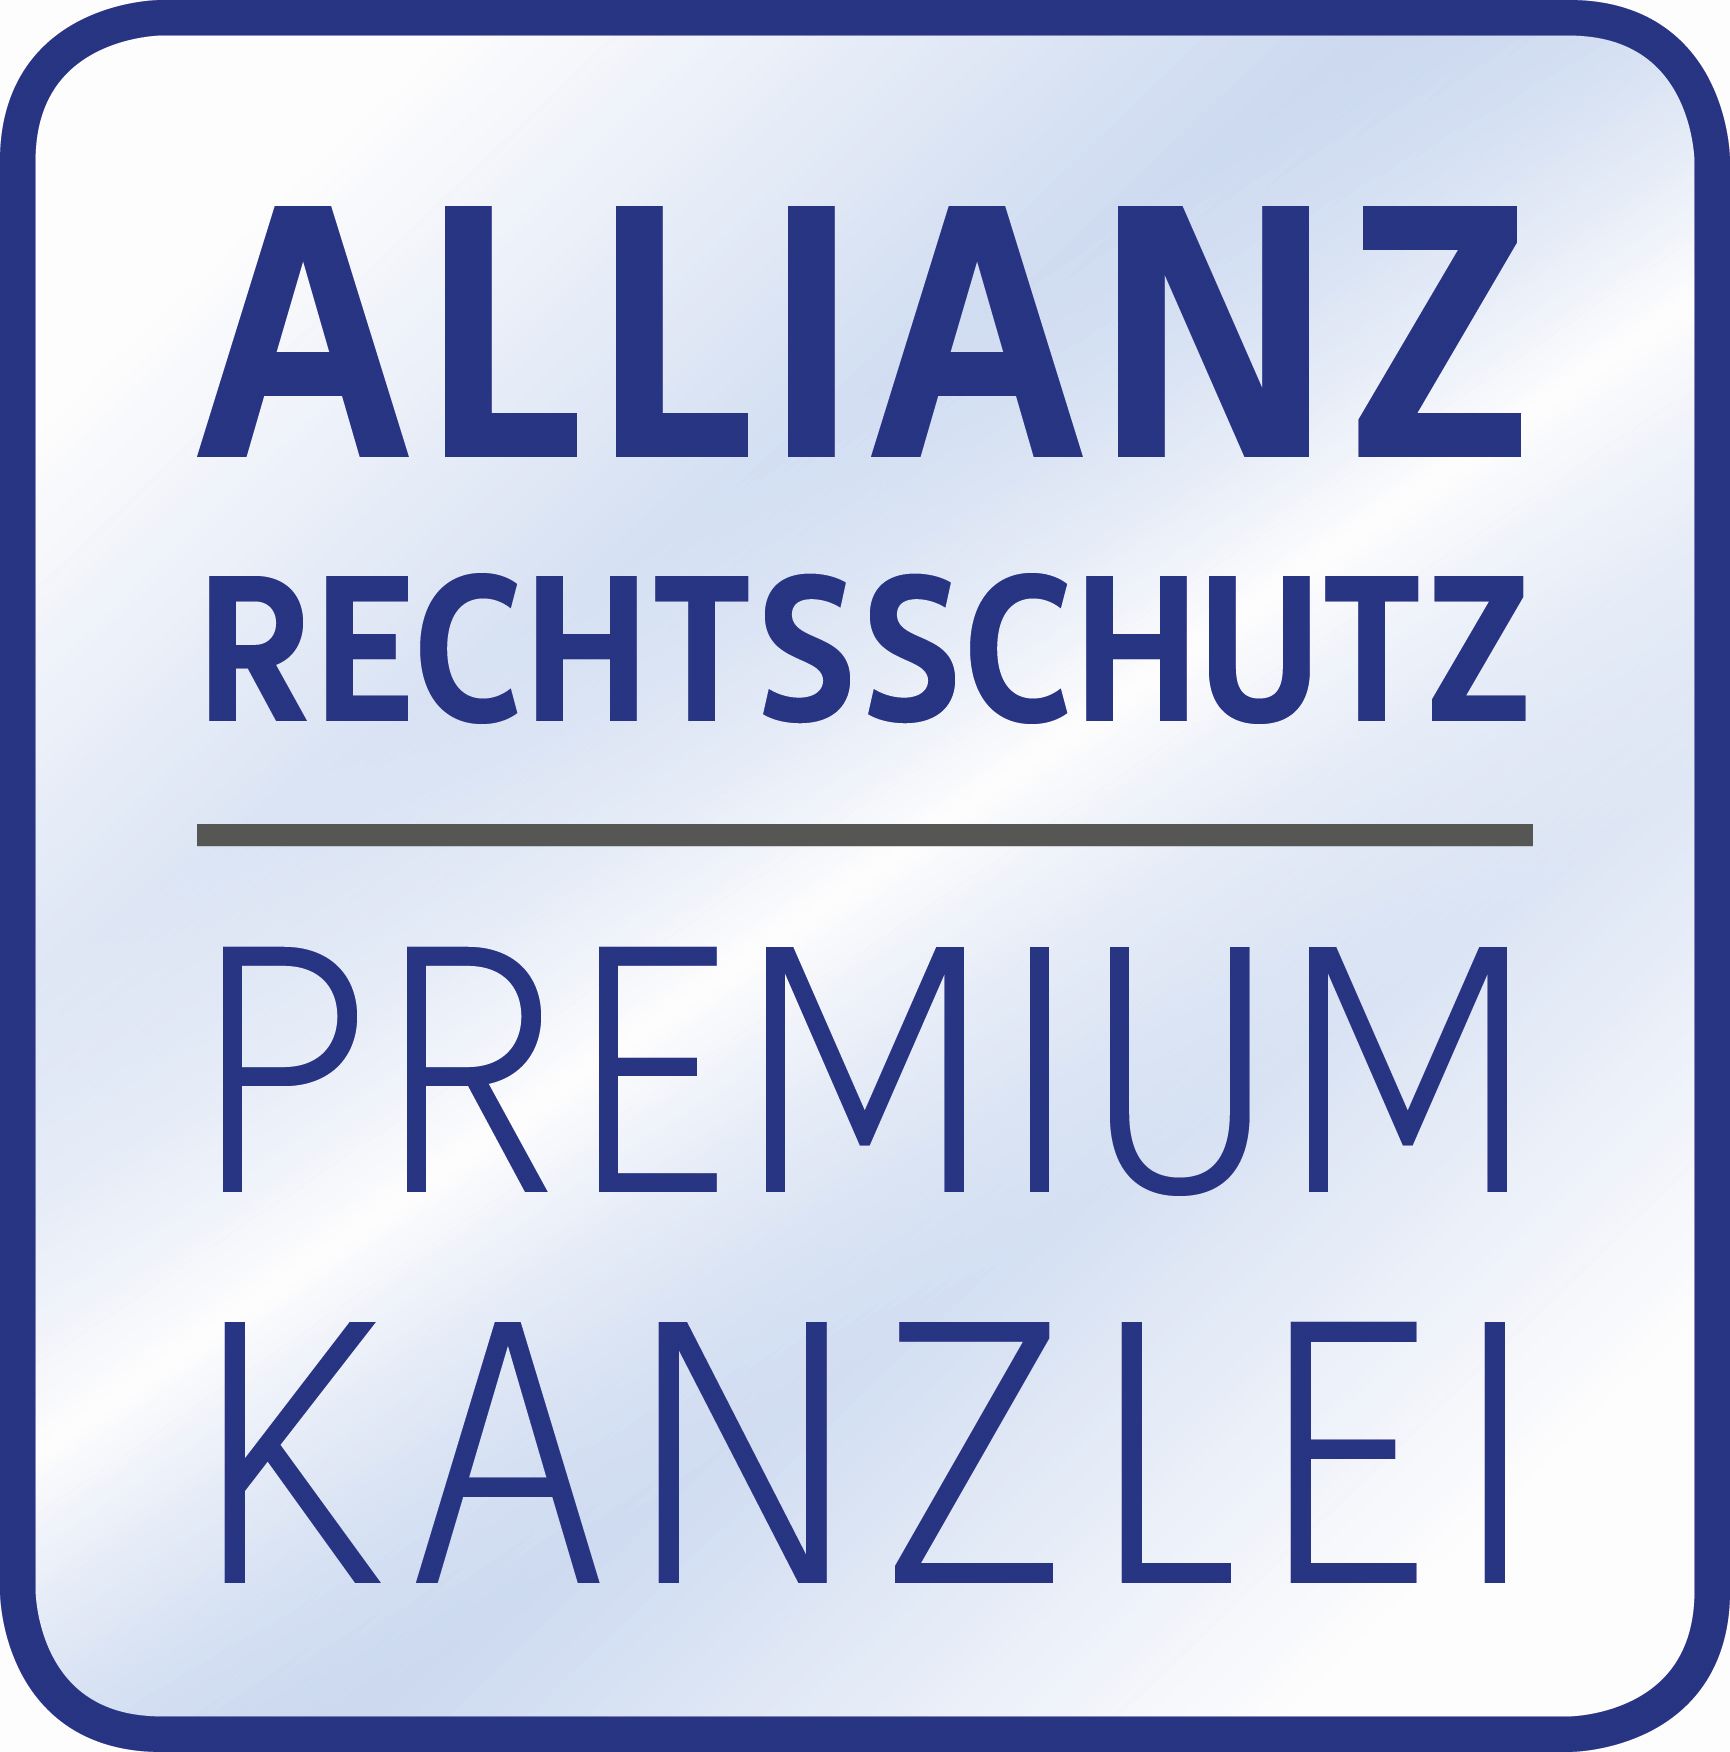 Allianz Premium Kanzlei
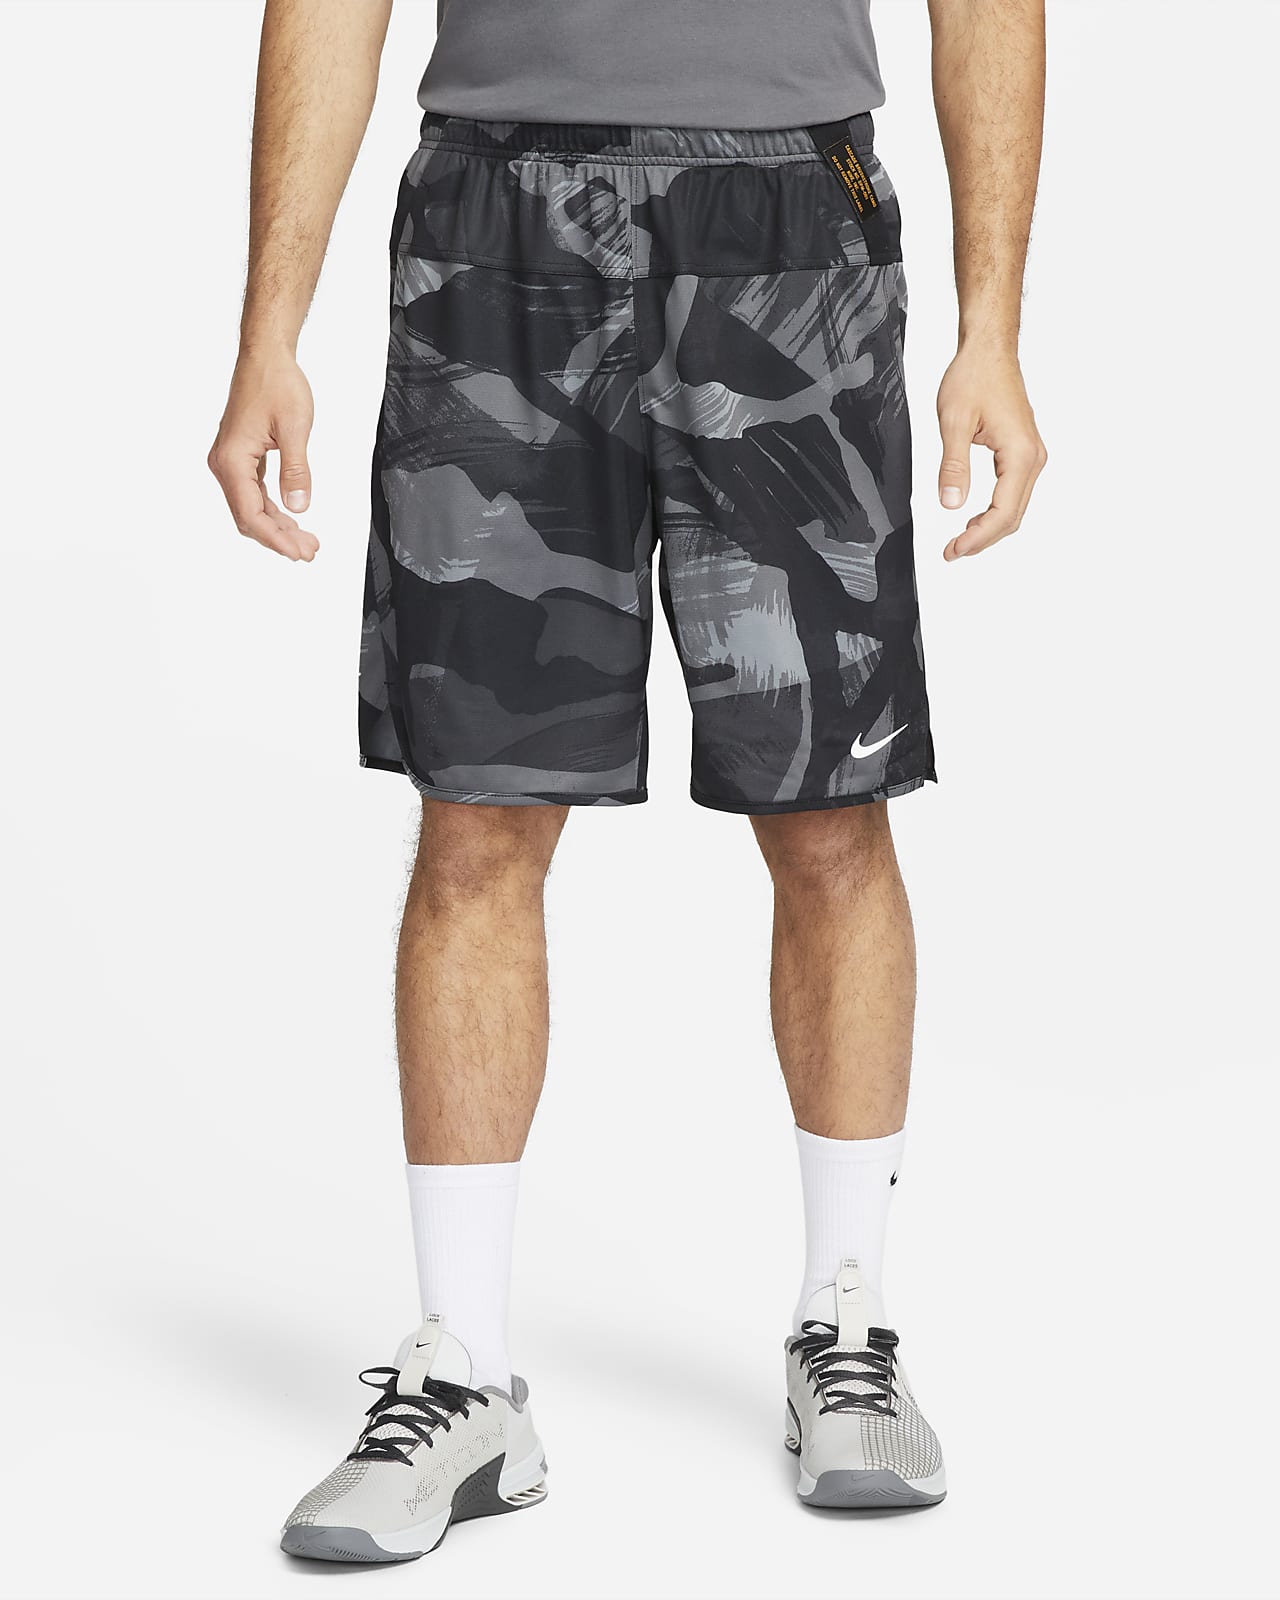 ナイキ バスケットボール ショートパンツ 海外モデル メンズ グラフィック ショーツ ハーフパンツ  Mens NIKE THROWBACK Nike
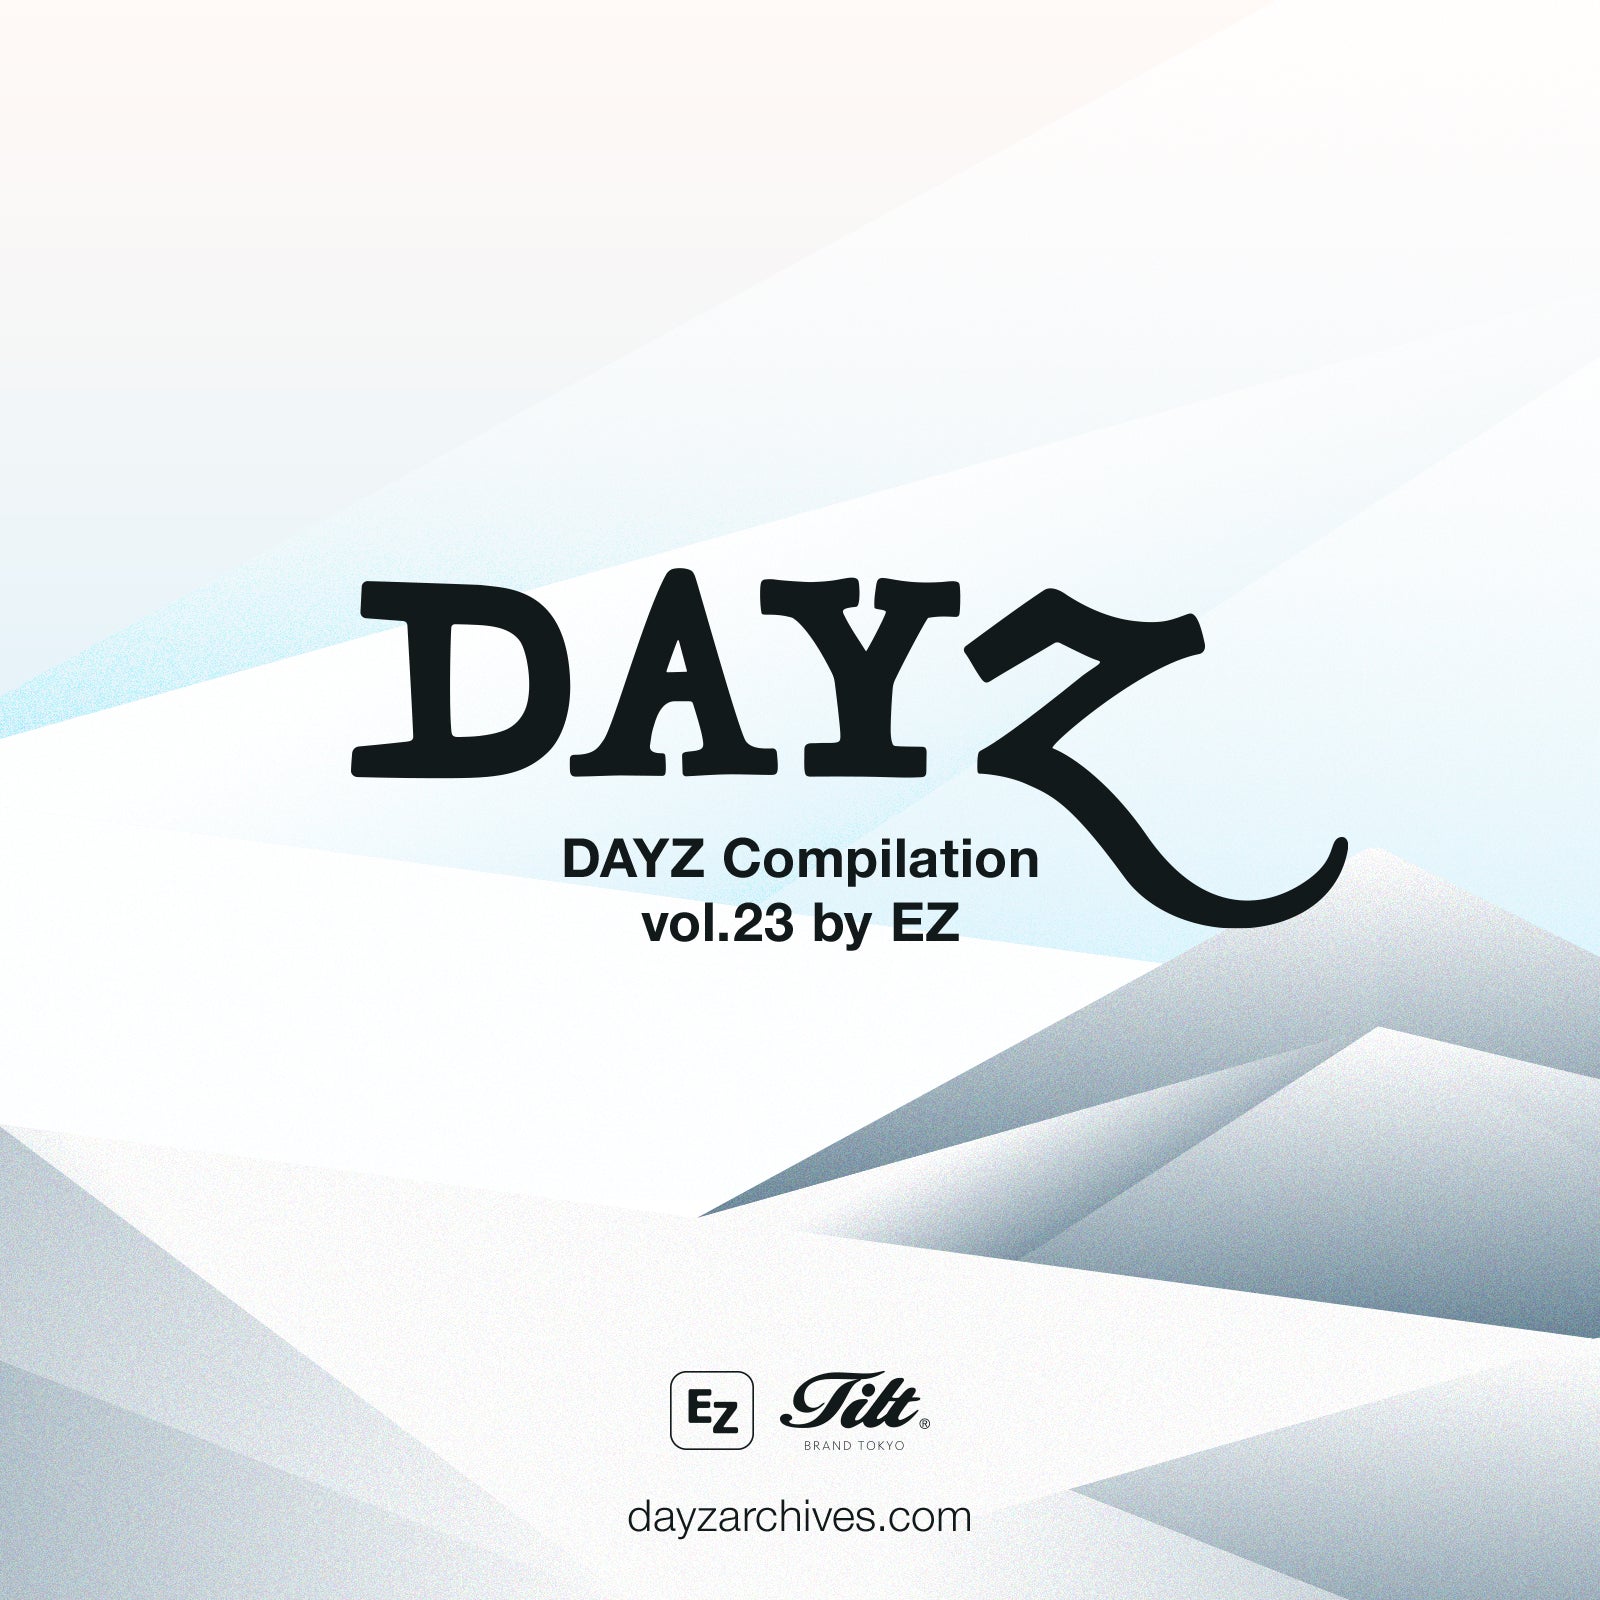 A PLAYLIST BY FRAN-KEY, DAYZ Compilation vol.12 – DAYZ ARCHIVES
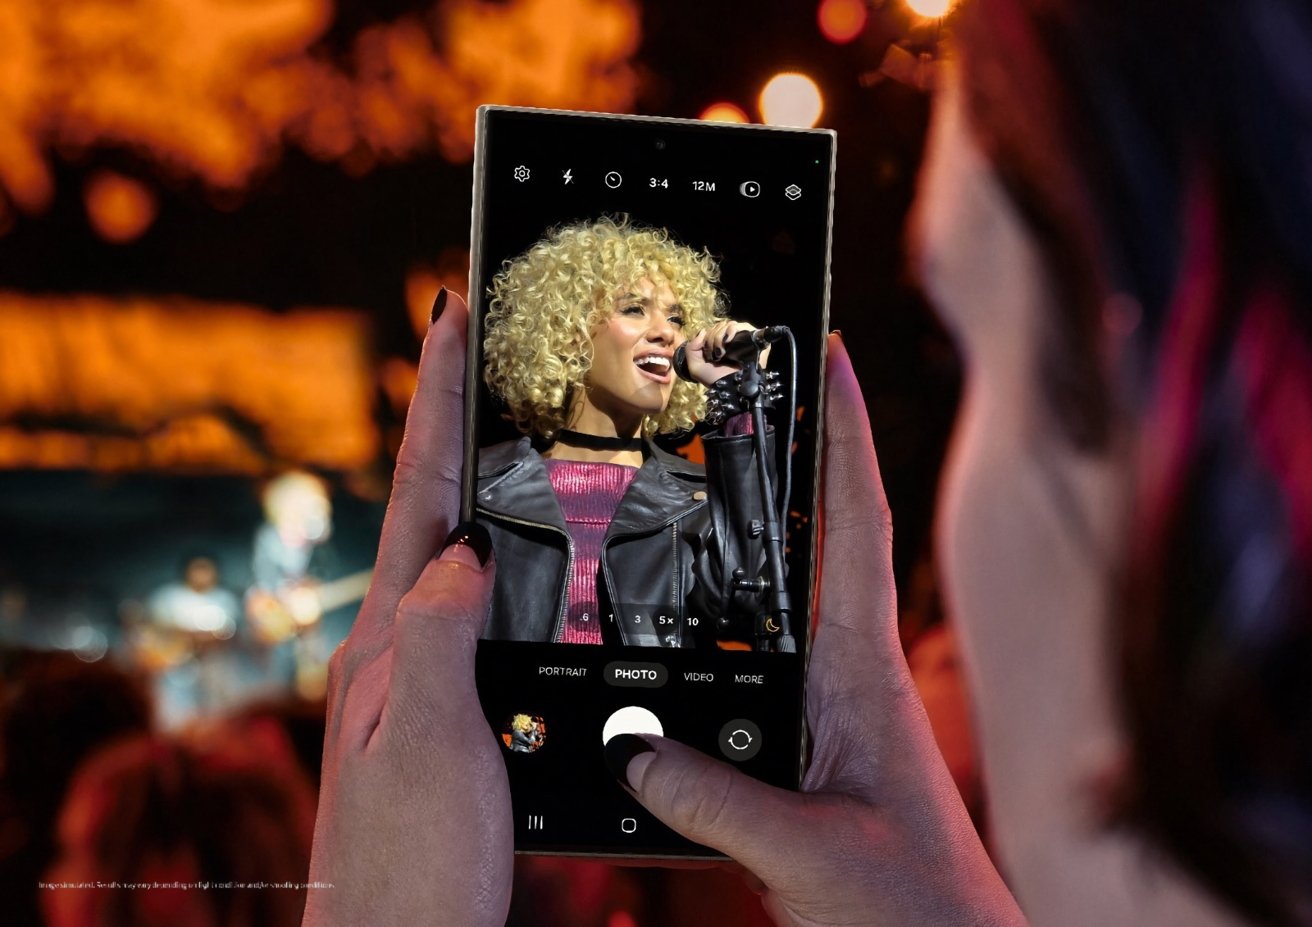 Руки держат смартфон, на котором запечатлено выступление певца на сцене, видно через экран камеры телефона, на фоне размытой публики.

_WHAT IS BEING ASKED_
Starting at the top of the listing above, reproduce each line up to and including the one with "A PLAYLIST BY"; omit the pictures.

_EXERCISE SOLUTION_
 Allianz Premium Kanzlei
 ナイキ バスケットボール ショートパンツ 海外モデル メンズ グラフィック ショーツ ハーフパンツ  Mens NIKE THROWBACK Nike
 A PLAYLIST BY FRAN-KEY, DAYZ Compilation vol.12 – DAYZ ARCHIVES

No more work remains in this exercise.